Но в тот же день наконец засобиралось вдосталь отдохнувшее войско, чтобы вскоре двинуться через Владимир к Москве.
6
По темну прокричали первые кочеты во Владимире, и обозники поднялись в темне. Но густая влажная чернота постепенно мягчела и рассеивалась. Четко выступили из непроглядности ночи кровли срубов, деревья, прясла. На свежем задиристом сквознячке благостно было вдыхать свежие запахи испарений, клейких развернувшихся листьев, дегтя, развешанной по двору на копылках бревенчатых стен конской упряжи и мягкого горьковатого дыма только что затопленных печей.
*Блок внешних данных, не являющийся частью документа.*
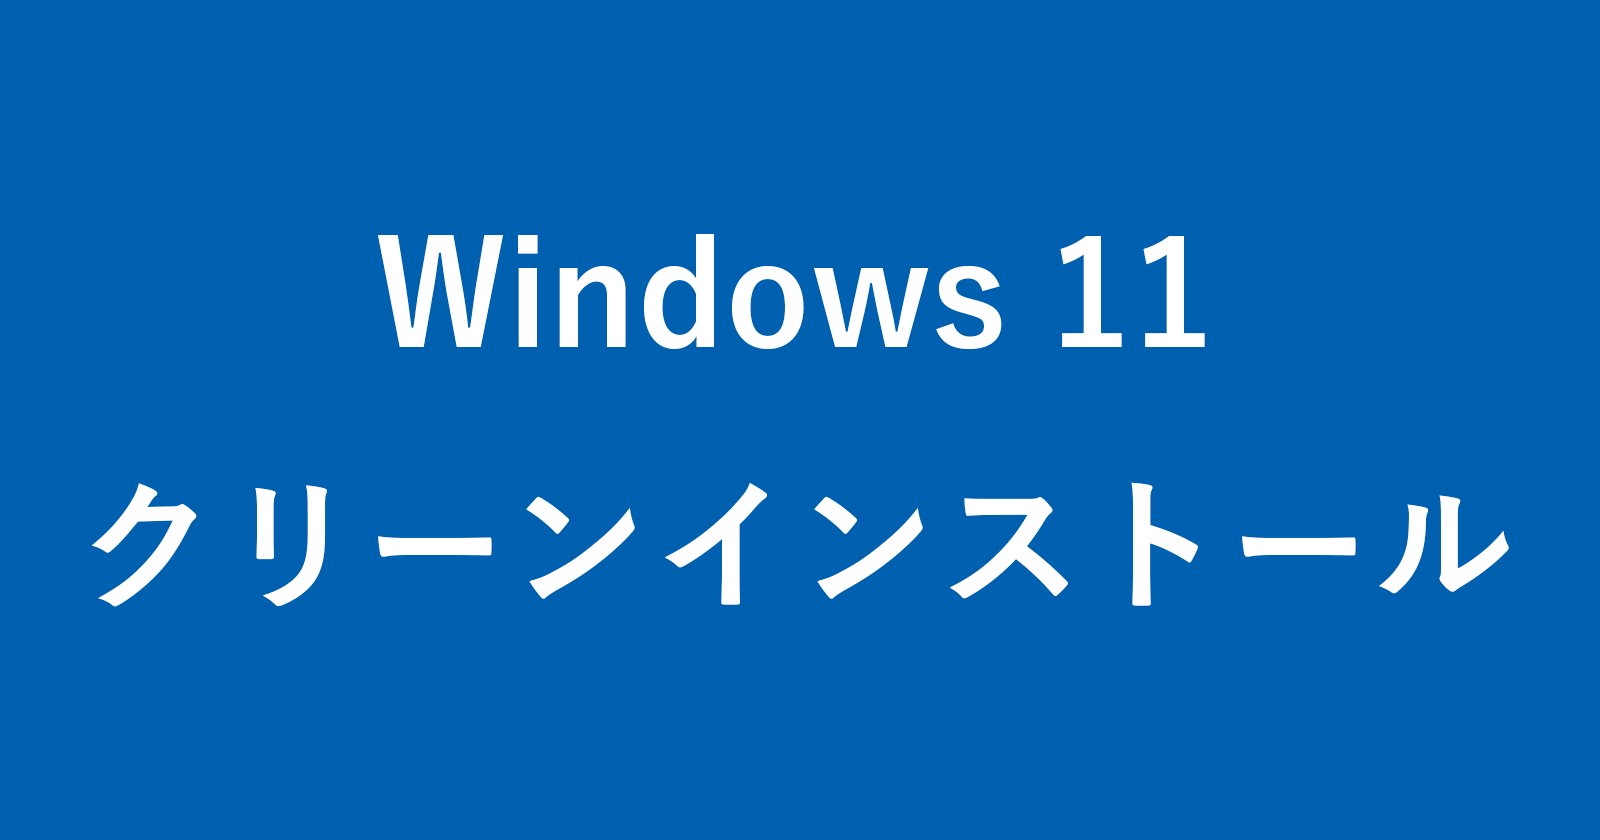 windows 11 clean install

Кузьма с крыльца видел, как по-домашнему неторопливо мужики разводили пригнанный из ночного табун, поили лошадей, снимали со стен упряжь, носили в телеги солому. Не было надобности зажигать факелы, потому как все занимались делом свычным и отлаженным, для которого довольно скудного света звезд.
Радовался Кузьма, что наконец-то наступает долгожданное утро, когда перед ним и его обозниками проляжет одна дорога – дорога домой.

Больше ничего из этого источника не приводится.